3.1. Demographic and Clinical Characteristics of the Cohort

A total of 91 patients with a diagnosis of colorectal adenocarcinoma receiving active chemotherapy treatment were included. No losses or refusals were recorded in the completion of the Patient-Generated Subjective Global Assessment (PG-SGA); therefore, all subjects were included in the final analysis.

Of the total sample, 35 patients (38.46%) were women and 56 (61.54%) were men.

The overall mean age was 64.97 ± 9.92 years, with an interquartile range between 58 years (P25) and 73 years (P75) (Figure 1).

When stratified by sex, the mean age in men was 64.27 ± 10.69 years, while in women it was 66.00 ± 8.77 years. No clinically relevant differences were observed in the age distribution between the two groups (Figure 1).

3.2. Distribution of Therapeutic Regimens

Regarding the treatment received, 42 patients (46.2%) were undergoing treatment with XELOX and 36 patients (39.6%) with FOLFOX. Thirteen patients (14.3%) were receiving irinotecan, administered in combination with FOLFOX in 10 cases (76.9% of those treated with irinotecan) and in combination with XELOX in 3 cases (23.1%).

Therefore, the subgroup treated exclusively with FOLFOX consisted of 26 patients, while the FOLFOX–irinotecan subgroup included 10 patients. All patients were evaluated using multifrequency bioelectrical impedance analysis and the PG-SGA.

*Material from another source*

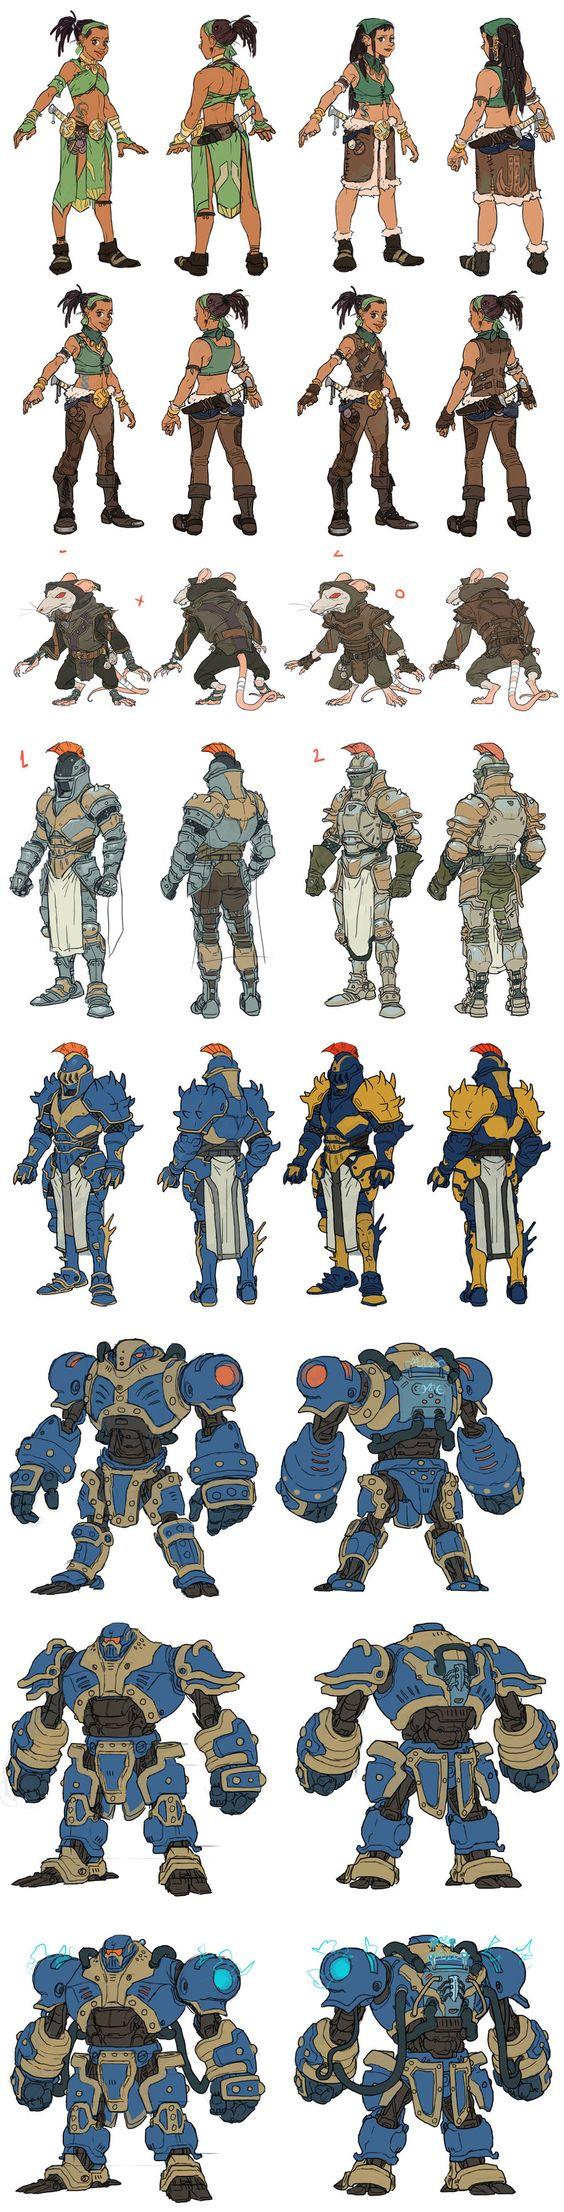 Concept Character Design Tutorials : G t e by pietro ant on deviantart concept art project

3.3. PG-SGA Results According to Irinotecan Exposure

Analysis of the total PG-SGA score showed a greater unfavorable nutritional burden in patients treated with irinotecan, particularly in those receiving it in combination with FOLFOX.

In the specific analysis of symptomatic items related to irinotecan administration (n = 13), no statistically significant differences were observed in: eating problems (p = 0.271), loss of appetite (p = 0.294), constipation (p = 1.000), oral sores (p = 0.194), taste alterations (p = 0.293), unpleasant smells (p = 1.000), pain (p = 0.537), diarrhea (p = 0.209), dry mouth (p = 0.551), and dysphagia (p = 0.136) (Figure 2, Figure 3, Figure 4 and Figure 5).

Values close to statistical significance were observed for nausea (p = 0.089), associated with an increase of one point in the PG-SGA score, and vomiting (p = 0.087), which increased the score by up to three points (Figure 2, Figure 3, Figure 4 and Figure 5).

On the other hand, statistical significance was reached for early satiety (p = 0.041), which added one point to the scale score, and for progressive deterioration of functional capacity (p = 0.039), an item that may negatively increase the score by up to three points (Figure 2, Figure 3, Figure 4 and Figure 5).

When specifically comparing FOLFOX–irinotecan (n = 10) with FOLFOX alone (n = 26), a higher frequency of functional deterioration was observed in the combination group, contributing to higher overall PG-SGA scores.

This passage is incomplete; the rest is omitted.